[Collected data]
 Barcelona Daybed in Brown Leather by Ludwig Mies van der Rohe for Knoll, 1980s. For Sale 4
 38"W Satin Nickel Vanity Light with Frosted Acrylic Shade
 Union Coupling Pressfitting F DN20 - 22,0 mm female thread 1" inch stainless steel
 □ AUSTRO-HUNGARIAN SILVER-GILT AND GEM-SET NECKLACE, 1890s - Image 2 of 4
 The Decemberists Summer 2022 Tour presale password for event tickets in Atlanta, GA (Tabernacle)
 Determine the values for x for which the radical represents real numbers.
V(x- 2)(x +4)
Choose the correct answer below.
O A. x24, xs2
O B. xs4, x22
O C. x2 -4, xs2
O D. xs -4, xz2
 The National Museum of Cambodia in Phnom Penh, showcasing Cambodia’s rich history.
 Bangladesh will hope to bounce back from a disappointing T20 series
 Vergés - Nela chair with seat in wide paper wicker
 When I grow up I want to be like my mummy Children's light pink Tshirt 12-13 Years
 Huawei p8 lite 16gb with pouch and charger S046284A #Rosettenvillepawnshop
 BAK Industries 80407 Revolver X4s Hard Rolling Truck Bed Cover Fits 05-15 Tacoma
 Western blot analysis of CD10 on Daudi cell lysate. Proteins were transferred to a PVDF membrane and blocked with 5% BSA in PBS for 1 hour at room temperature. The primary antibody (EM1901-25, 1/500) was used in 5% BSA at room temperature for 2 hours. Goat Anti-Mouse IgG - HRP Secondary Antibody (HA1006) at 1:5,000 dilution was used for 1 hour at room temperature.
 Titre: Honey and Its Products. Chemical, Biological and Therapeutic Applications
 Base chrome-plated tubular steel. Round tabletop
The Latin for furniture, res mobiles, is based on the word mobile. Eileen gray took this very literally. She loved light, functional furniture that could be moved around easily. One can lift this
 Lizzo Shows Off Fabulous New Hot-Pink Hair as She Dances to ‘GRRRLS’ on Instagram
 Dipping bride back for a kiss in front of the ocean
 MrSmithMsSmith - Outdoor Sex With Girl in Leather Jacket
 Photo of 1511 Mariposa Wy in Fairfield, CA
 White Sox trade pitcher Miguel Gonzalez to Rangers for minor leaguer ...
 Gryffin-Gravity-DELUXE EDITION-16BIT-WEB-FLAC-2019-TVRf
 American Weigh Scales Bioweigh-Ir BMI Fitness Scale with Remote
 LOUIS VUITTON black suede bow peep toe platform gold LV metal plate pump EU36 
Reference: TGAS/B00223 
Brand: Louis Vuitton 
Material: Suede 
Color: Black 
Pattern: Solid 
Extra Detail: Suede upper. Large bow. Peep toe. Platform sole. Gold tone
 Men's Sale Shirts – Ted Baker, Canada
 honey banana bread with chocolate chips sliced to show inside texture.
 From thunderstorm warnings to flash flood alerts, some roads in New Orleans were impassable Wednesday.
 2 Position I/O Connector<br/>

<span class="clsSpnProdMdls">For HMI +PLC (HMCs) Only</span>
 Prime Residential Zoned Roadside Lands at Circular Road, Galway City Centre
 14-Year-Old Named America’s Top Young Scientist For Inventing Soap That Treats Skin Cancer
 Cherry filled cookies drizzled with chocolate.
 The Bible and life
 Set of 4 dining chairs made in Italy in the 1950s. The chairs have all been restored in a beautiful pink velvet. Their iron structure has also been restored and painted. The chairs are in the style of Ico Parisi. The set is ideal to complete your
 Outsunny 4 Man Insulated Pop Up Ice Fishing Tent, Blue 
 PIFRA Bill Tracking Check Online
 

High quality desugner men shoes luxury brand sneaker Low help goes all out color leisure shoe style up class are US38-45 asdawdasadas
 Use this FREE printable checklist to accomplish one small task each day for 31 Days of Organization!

Exercise objective: Look through the entries above and quote exactly the lines from the line with "Prime Residential Zoned" to the line with "PIFRA Bill Tracking Check Online", counting both of those lines.

Solution for this task:
 Prime Residential Zoned Roadside Lands at Circular Road, Galway City Centre
 14-Year-Old Named America’s Top Young Scientist For Inventing Soap That Treats Skin Cancer
 Cherry filled cookies drizzled with chocolate.
 The Bible and life
 Set of 4 dining chairs made in Italy in the 1950s. The chairs have all been restored in a beautiful pink velvet. Their iron structure has also been restored and painted. The chairs are in the style of Ico Parisi. The set is ideal to complete your
 Outsunny 4 Man Insulated Pop Up Ice Fishing Tent, Blue 
 PIFRA Bill Tracking Check Online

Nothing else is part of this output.